Proptech startup OpenSpace reaches $902 million worth
(Bloomberg)—OpenSpace, a startup that develops technology for the construction industry, raised $102 million in a new funding round, which the company said gives it a valuation of $902 million.
San Francisco-based OpenSpace said Penny Pritzker’s PSP Growth led the round. Other participating investors include BlackRock Inc., Alken Capital Management, Menlo Ventures and a unit of commercial real estate brokerage Jones Lang LaSalle Inc.
The startup’s technology enables builders to easily capture a visual record of a job site, simplifying the normally laborious process. Workers attach a camera to their hard hats and the images are then uploaded and arranged with artificial intelligence to create a complete picture. Images are stored in the cloud and can be consulted during all phases of construction.
Having a visual record that can be accessed from a desktop can save money and time for developers, according to Pritzker, a former US commerce secretary who has a long history in the real estate business.
Many construction disputes can be lengthy and costly, involving lenders, insurers, and attorneys often with no coherent set of facts to settle the case, which is a matter of tearing down drywall to examine the work that has already been done. is less than.
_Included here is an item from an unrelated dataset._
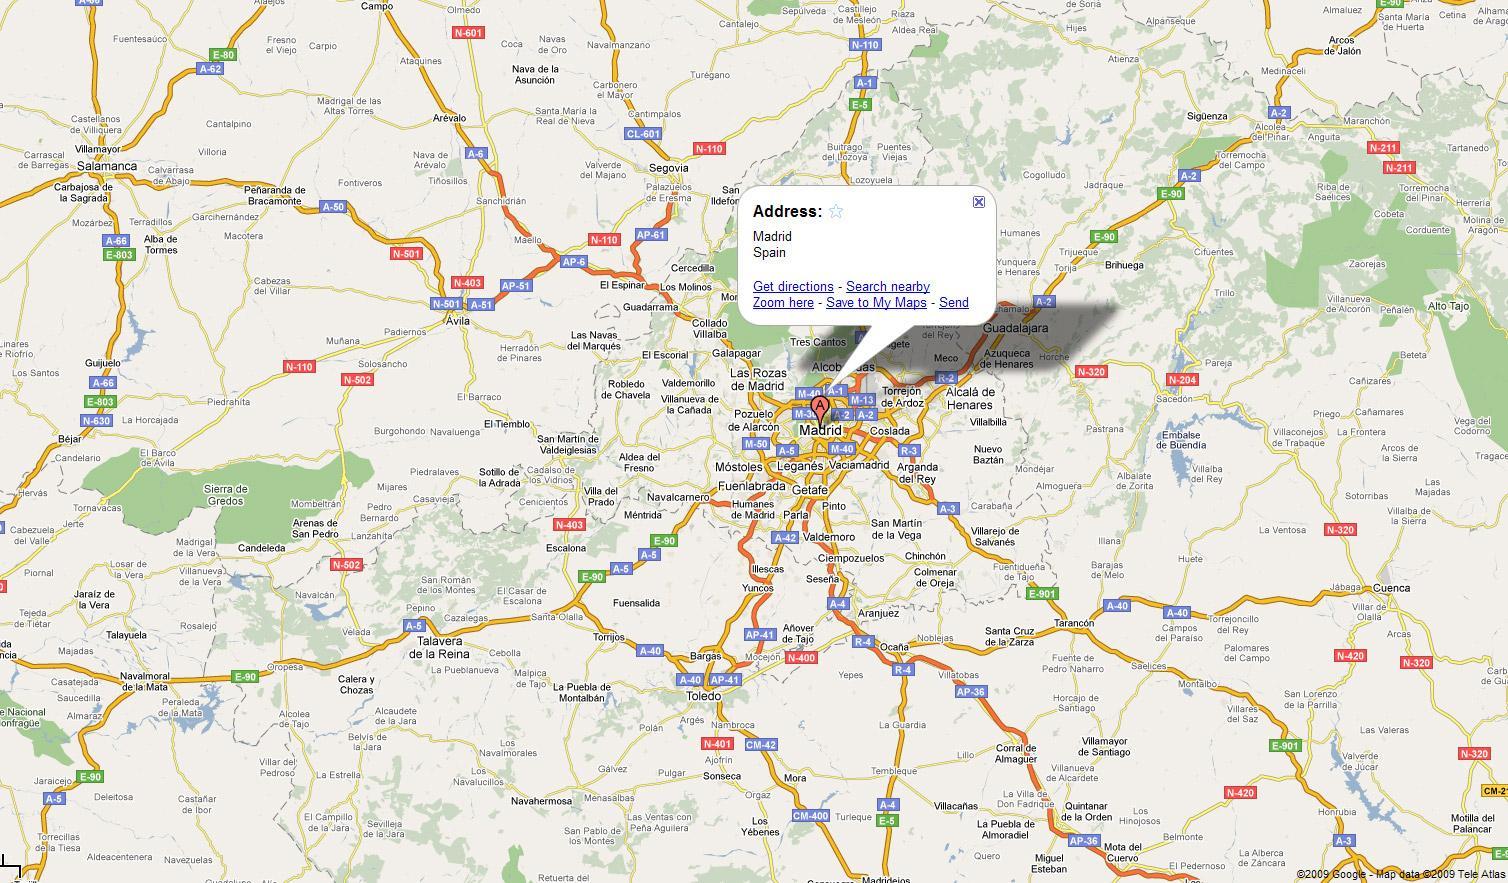 Madrid city map - City map of Madrid Spain (Spain) on san juan puerto rico map, jerez spain map, catalonia spain map, ibiza spain map, world map, andalucia spain map, barcelona map, tokyo japan map, zurich switzerland map, london england map, beijing china map, sydney australia map, rio de janeiro brazil map, seville spain map, france map, moscow spain map, moscow russia map, granada spain map, oslo norway map, stockholm sweden map,

With OpenSpace, Pritzker said, “you now know what’s behind a wall.”
The platform has been used on nearly 10,000 job sites in more than 75 countries, ranging from the renovation of small retail locations to large-scale projects such as Sophie Stadium near Los Angeles and an office skyscraper in Manhattan’s Hudson Yards area, Spiral.
According to Jeevan Kalanidhi, chief executive officer of OpenSpace, the technology could be a key solution at a time when the need for things like affordable housing and green infrastructure is on the rise, but costs are high and labor shortages are chronic.
“These large industries that are vital to people’s lives are in crisis, and have not been given enough attention by many, including the tech industry,” Kalanidhi said. “Now is the time to make teeth for these guys.”